Секретарь в ожидании дела развлекался, разукрашивал свое посланье, удлинял и закручивал лапы заглавных букв.

Спина пытаемого искровавлена. Палач плещет на него холодной воды из ковша, выводит из обморока. Дыба ослаблена. Дьяк схватил упрямца за волосы, намотал прядь на пальцы:

– С кем шел, сучий сын?

Савка издал звуки еле слышные, мешавшиеся с сопеньем и клокотаньем; палач, притомившись, пил воду.

– С Феок… с Феоктистом…

– Ну-ка, погромче! Голосок-то больно чахлый. Застудил, что ли?

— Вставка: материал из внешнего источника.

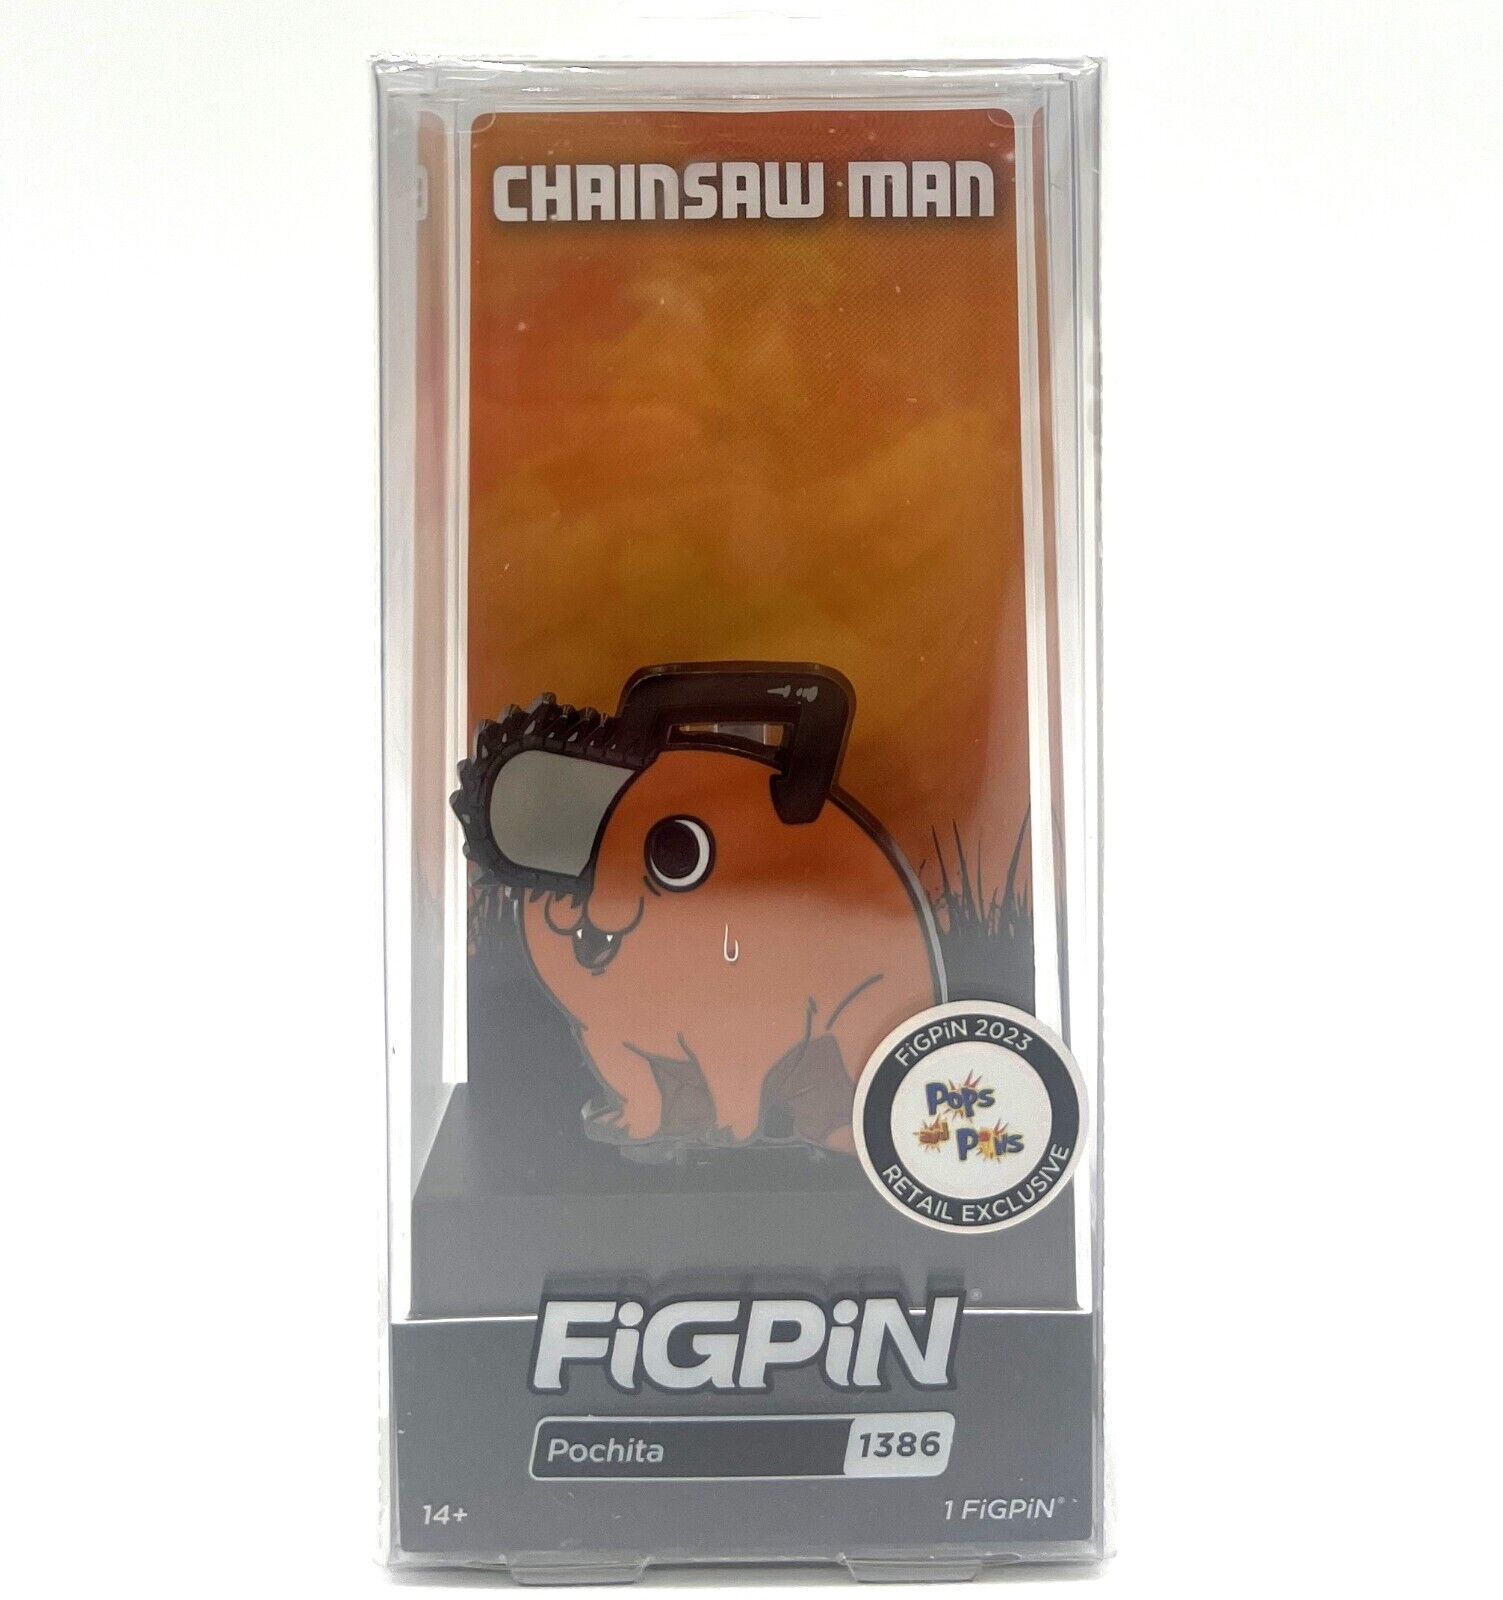 FiGPiN Chainsaw Man Pochita #1386 Pops and Pins Exclusive LE1000 Collectible Pin

В Павловском посаде, у кабака встретил его Савка. Странник, божий человек, праведный. Был, говорит, во Владимире, в монастыре лампадником. Прошлым великим постом спустился в подвал взять масла для лампад, и вдруг из-за бочки взвилось облако и возник архистратиг Михаил с огненным мечом. Велел бросить дом, жену и детей, спасать душу в скитаниях.

«Тот Феоктист сказывал – послан он в Москву от царицы Евдокии с наказом».

Названо, записано имя сосланной царской супруги. С этой минуты дело приобретает особую, грозную значительность. Савку не скоро снимут с дыбы.

Что за наказ? Кому?

Лампадник и намеком не выдал, чего домогается Евдокия. Сказал только, живет она в монастыре вольно, в келье царское платье носит не по уставу, ездит по окрестным храмам, принимает подношения – ягоды, грибы и прочие гостинцы.

«И от многих имеет ришпект, яко особа высочайшая».

Секретарю надлежит класть пытошную речь на бумагу в точности, но чересчур велика охота вставить иностранное слово, – не напрасно ведь учился полтора года в Славяно-греко-латинской академии.

Палач отдыхает, Савка, косясь на него, пересказывает слова Феоктиста, странника благочестивого, не скрывая злорадства.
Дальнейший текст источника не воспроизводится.